Fig. 1 The XPS investigation to evaluate the ionization states and binding energy of the atoms in ZnO/MgO/Cr₂O₃ NFs. (a) The XPS spectra of the Zn 2p level orbital, (b) O 1s orbital, (c) core level Cr 2p orbital, and (d) Mg 2p orbital.

The structural morphology of the ZnO/MgO/Cr₂O₃ NFs analyzed by FESEM

In this approach, the lower and higher magnification FESEM images of ZnO/MgO/Cr₂O₃ NFs are demonstrate in Fig. 2(a and b). As revealed from Fig. 2(a and b), the prepared nanocomposite exhibited the fibre-like complex morphology. Therefore, it can be concluded that the prepared ternary mixed metal oxide has fiber-shaped morphology with the irregular arrangement. The similar morphology of the nanomaterials with ZnO are reported elsewhere.^39,40 The average cross-section diameter of the fiber is 68.7 nm, which was obtained in a range of 60.0 to 85 nm. The elemental analysis of ZnO/MgO/Cr₂O₃ executed by EDS, as in Fig. 2(c and d) and Fig. 2(c), confirmed the nanofiber morphology of the synthesized ZnO/MgO/Cr₂O₃ composites. The elemental analysis obtained from EDS provided evidence of the existence of only O, Zn, Mg, and Cr, and any peak due to impurities was not detected. The elemental composition of the ZnO/MgO/Cr₂O₃ NFs is 46.66%, 9.21%, 27.14%, and 16.99% corresponding to O, Mg, Cr and Zn, respectively.

Fig. 2 The structural morphology and atomic compositions of the ZnO/MgO/Cr₂O₃ NFs obtained by FESEM analysis. (a and b) The low and high magnification FESEM images, (c) image of the EDS-confirmed nanofiber morphology of the ZnO/MgO/Cr₂O₃ nanocomposites, and (d) the elemental compositions of ZnO/MgO/Cr₂O₃ NFs analyzed by EDS.

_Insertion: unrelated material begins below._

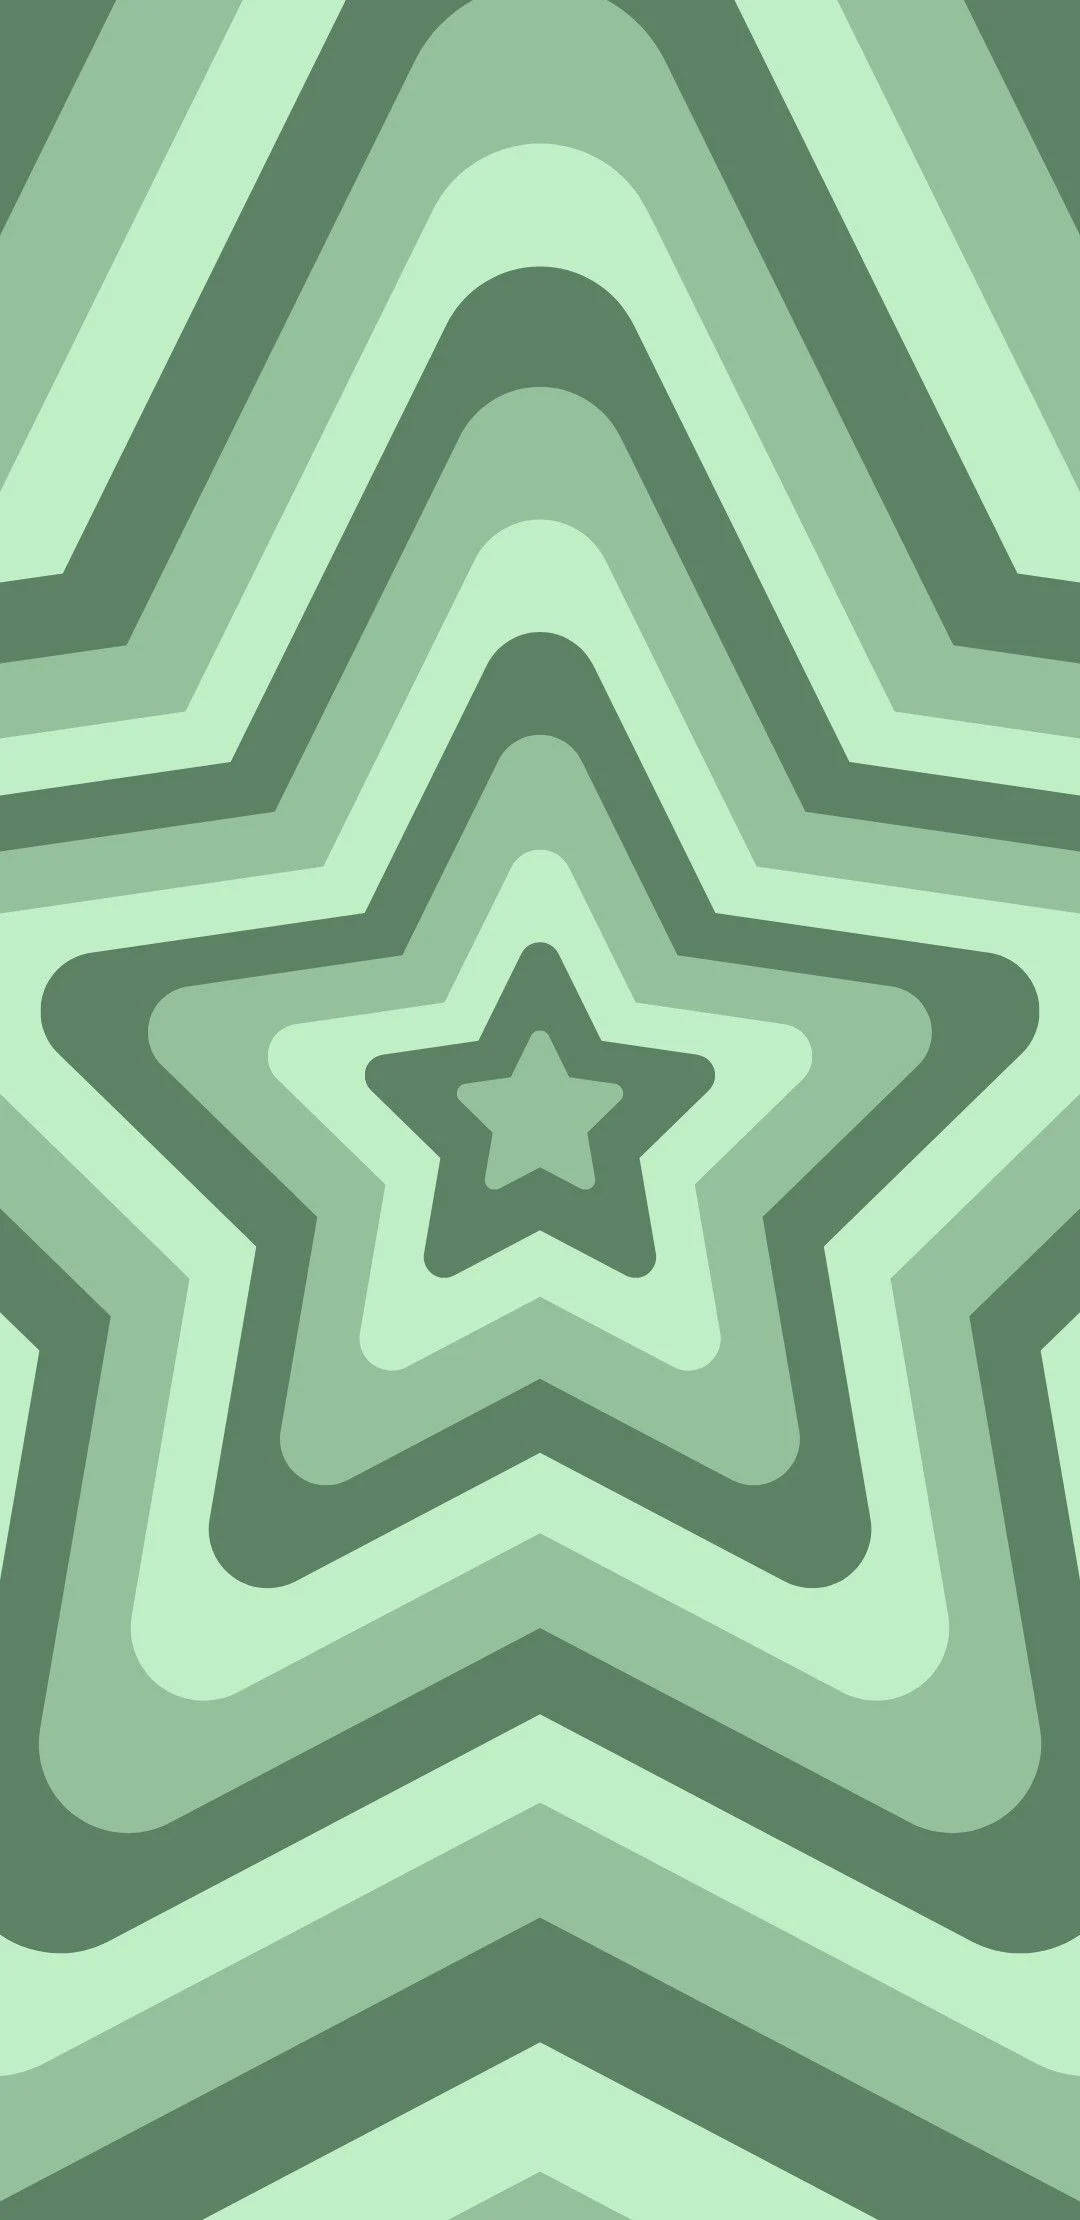 Elegant Preppy Pfp with Green Star pattern Wallpaper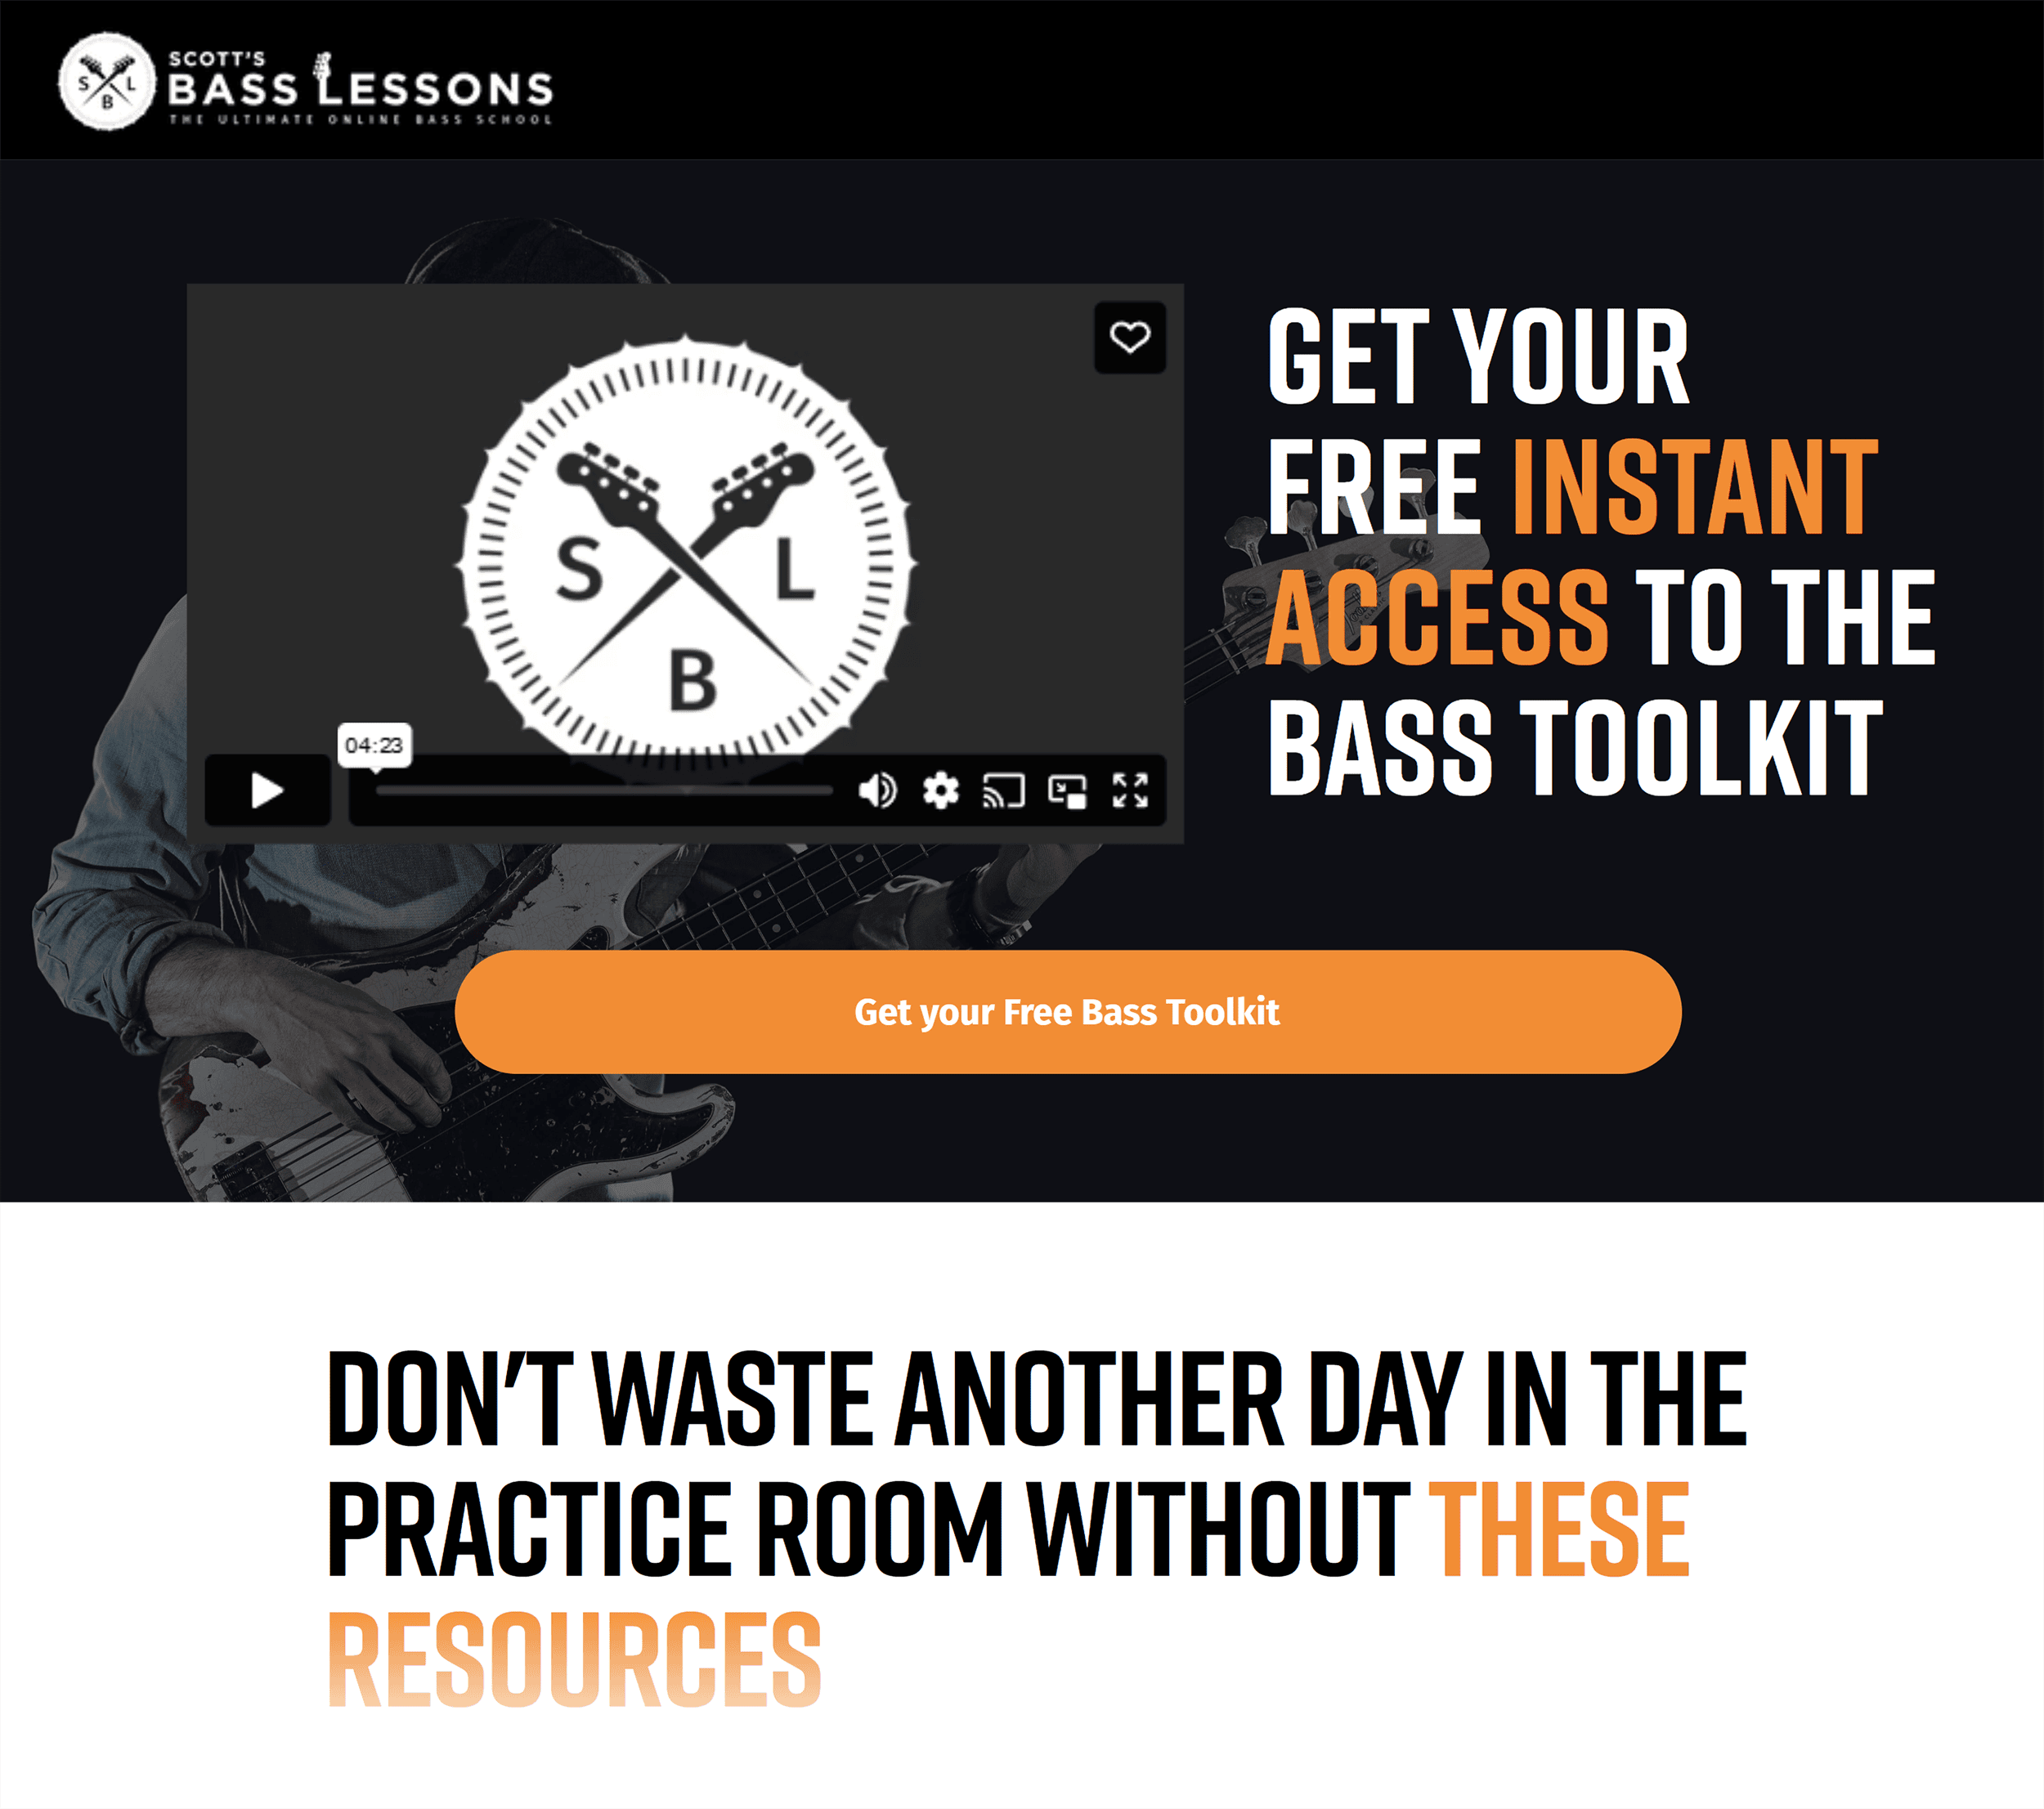 Scott's Bass Lessons – Free bass toolkit

Optical characterization of ZnO/MgO/Cr₂O₃ NFs

The existing functional groups of the ZnO/MgO/Cr₂O₃ NFs were identified by FTIR spectra, which are shown in Fig. 3(a). The FTIR investigation was executed in the 450–4000 cm⁻¹ range, as shown in Fig. 3(a), and the absorption bands recorded at 460 and 620 cm⁻¹ correspond to the Zn–O and Mg–O optical stretching vibrations, respectively.^41,42 Besides this, the observed FTIR peaks at 1100, 1650 and 3300 cm⁻¹ were obtained for the stretching vibration of Mg–OH, and the bending and bonding vibration of the OH group, respectively.^43,44

Fig. 3 Optical characterization of the ZnO/MgO/Cr₂O₃ NFs. (a) FTIR investigation to identify the existing functional groups in the synthesized NFs. (b) Evolution of the UV-Vis adsorption to calculate the optical band gap, and (c) the crystallinity and average grain size obtained from the XPD results.

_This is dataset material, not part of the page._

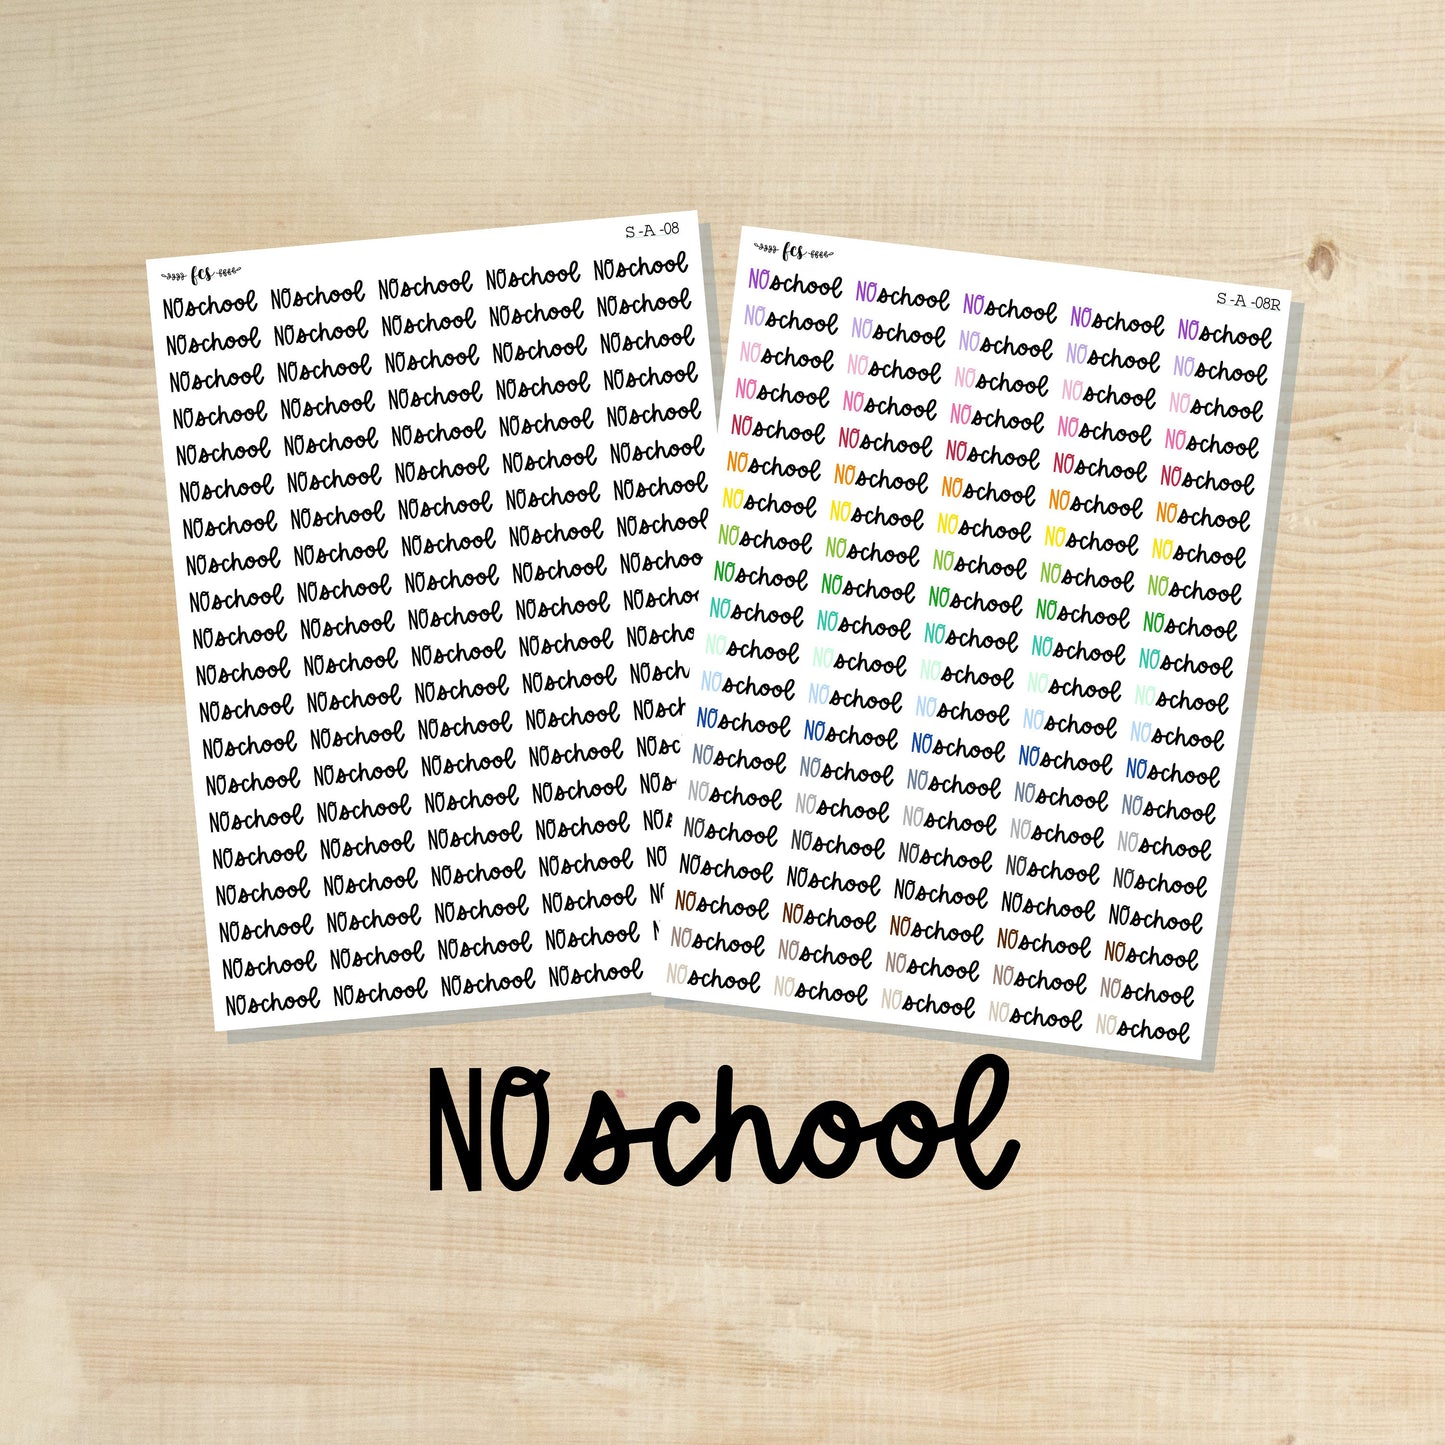 S-A-08 || NO SCHOOL script stickers

The photo-absorption of the ZnO/MgO/Cr₂O₃ NFs was investigated by applying UV-Vis spectroscopic analysis in the range of 300–800 nm, as shown in Fig. 3(b), which displayed a visible adsorption band at 364 nm due to the transition of valence electrons from the low to high energy levels.⁴⁵ Therefore, the optical band gap of the ZnO/MgO/Cr₂O₃ NFs was calculated following eqn (vii), and the obtained bandgap is 3.41 eV:

E_bg (eV) = 1240/λ (vii)

where E_bg is the band-gap energy, and λ is labeled as the highest absorbed wave-length.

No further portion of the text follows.